L’Union paysanne a décidé de boycotter la 3e rencontre préparatoire du Sommet sur l’alimentation afin de protester contre le vide de l’exercice. Lors du lancement, l’Union paysanne croyait à une réelle consultation des différents groupes, mais craignait la longueur de l’exercice. «Eh bien l’exercice, en plus d’être long, ne permet pas d’approfondir la réflexion creusée par le rapport Pronovost», a-t-elle déclaré dans un communiqué émis ce matin: « On repasse dans les mêmes lieux communs, pas de réel débat et un temps de parole insignifiant» témoigne Maxime Laplante, vice-président. «Tandis que beaucoup d’orateurs occupent la foule, on a l’impression que la future politique agricole du Québec est déjà écrite», dit-il.

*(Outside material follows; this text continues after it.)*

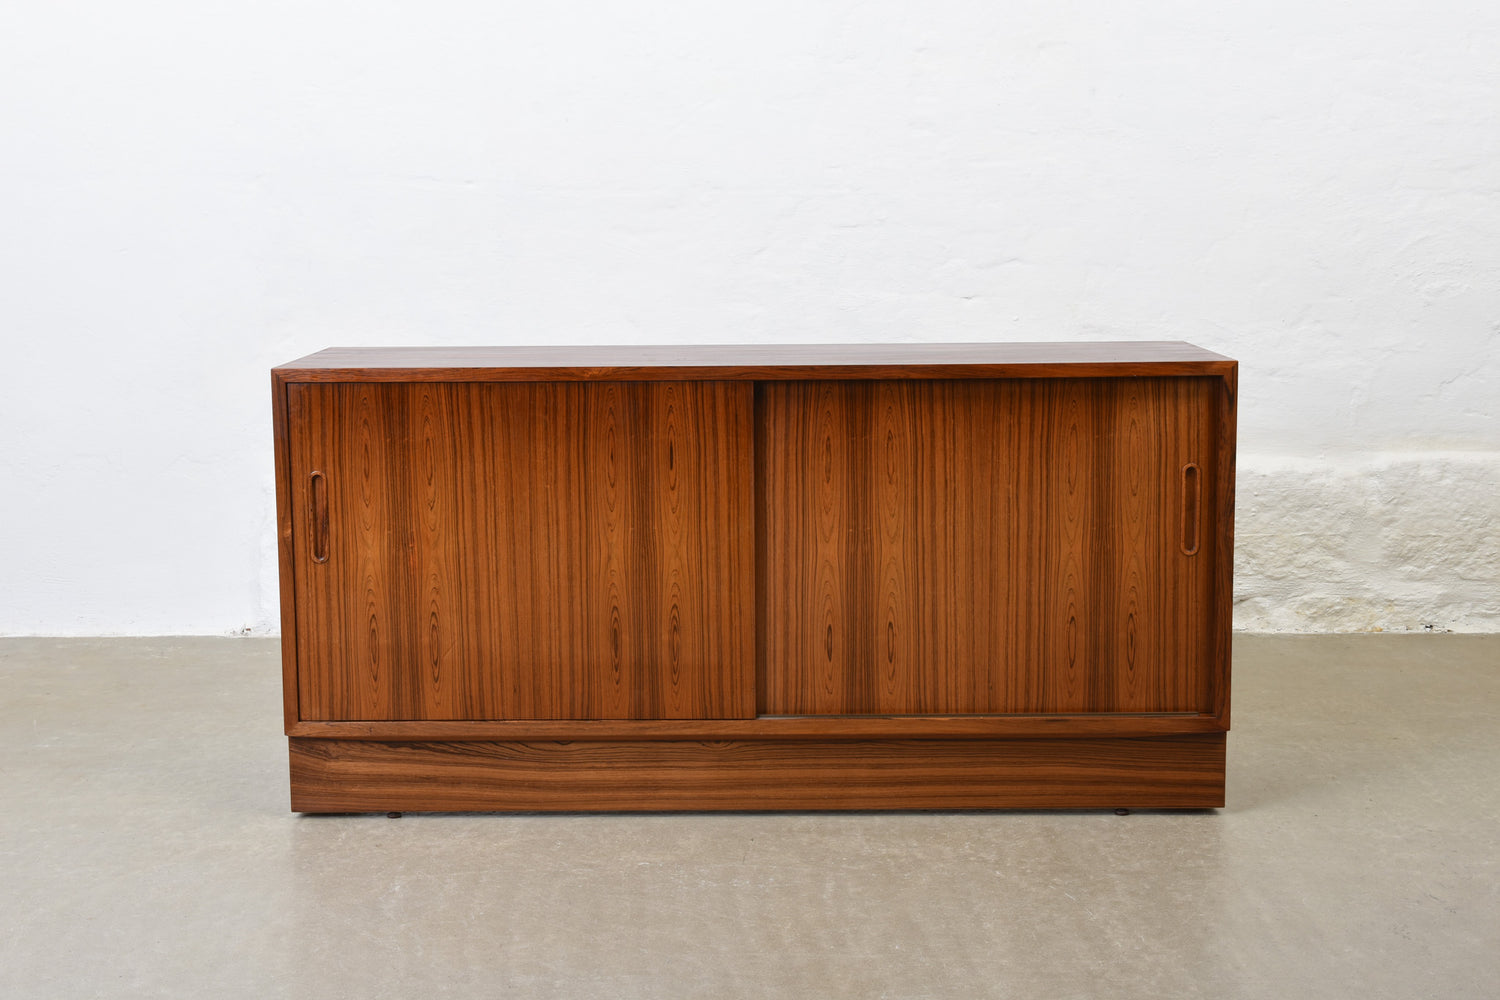 1960s rosewood sideboard by Carlo Jensen - 138L cm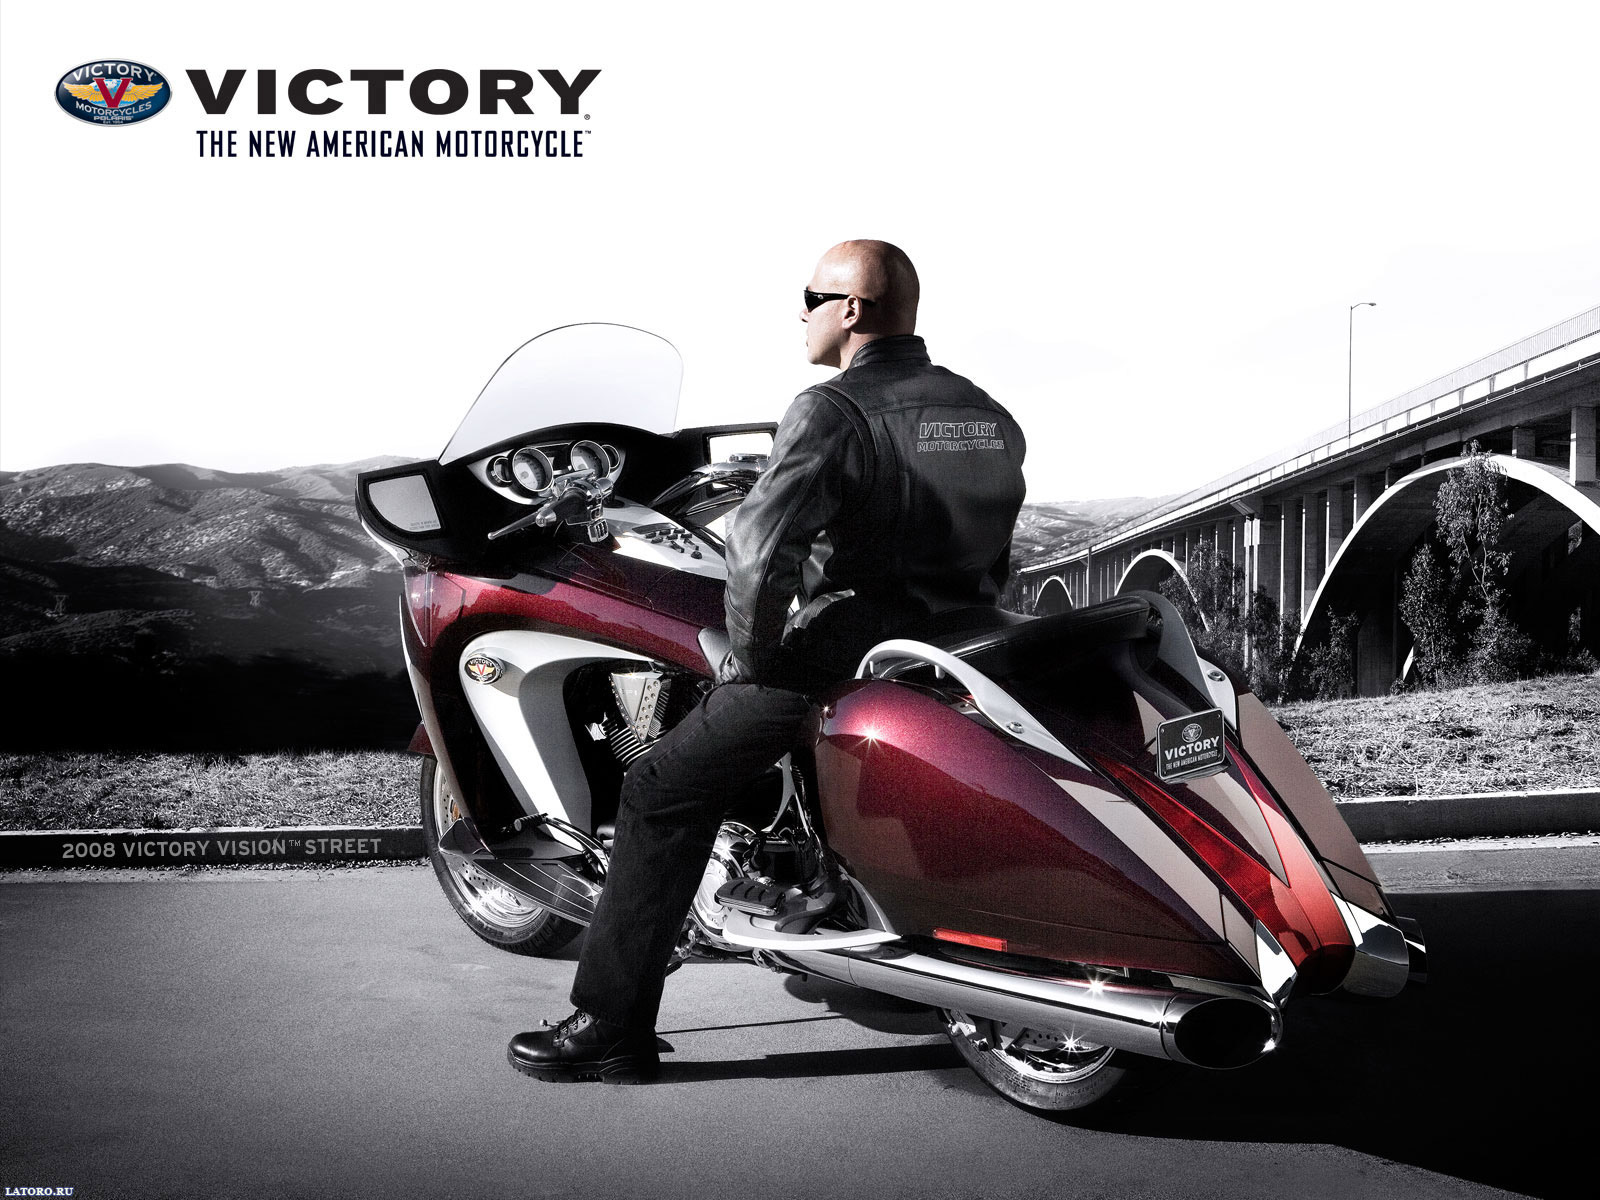 Victory Vision Desktop Wallpaper On Latoro

Aucun espace pour discuter du monopole syndical

L’Union paysanne, après avoir participé aux deux premières rencontres visant les consommateurs et les transformateurs, a été très surprise de constater la surreprésentation de l’UPA dans le volet destiné aux consommateurs. «Il est encore plus dérangeant de constater que, dans ce troisième volet consacré aux producteurs agricoles, aucun espace ne sera donné afin de discuter du monopole syndical de l’UPA», de dire Maxime Laplante.

«Cette question est en suspend depuis le rapport Pronovost en 2008. Cette rencontre aurait pu permettre un débat réel sur la question entre les différents groupes de représentants agricoles, mais la question a été soigneusement évitée», de dire l’Union paysanne. « On voudrait réduire l’agriculture à une donnée économique, mais les agriculteurs attendent qu’on leur redonne un réel droit d’association. La démocratie ne semble pas prioritaire pour notre gouvernement », souligne Benoit Girouard, président de l’Union paysanne.

L’Union paysanne conclut en invitant le ministre Laurent Lessard à s’inspirer du rapport Pronovost et St-Pierre afin d’amener l’agriculture du Québec dans un renouveau. « Repasser dans les mêmes sentiers encore et encore ne peut que condamner l’agriculture du Québec à avoir moins de fermes. Accepter cette logique revient à abdiquer devant les marchés alors que nous pouvons être maîtres de notre développement en agriculture» conclut Benoit Girouard.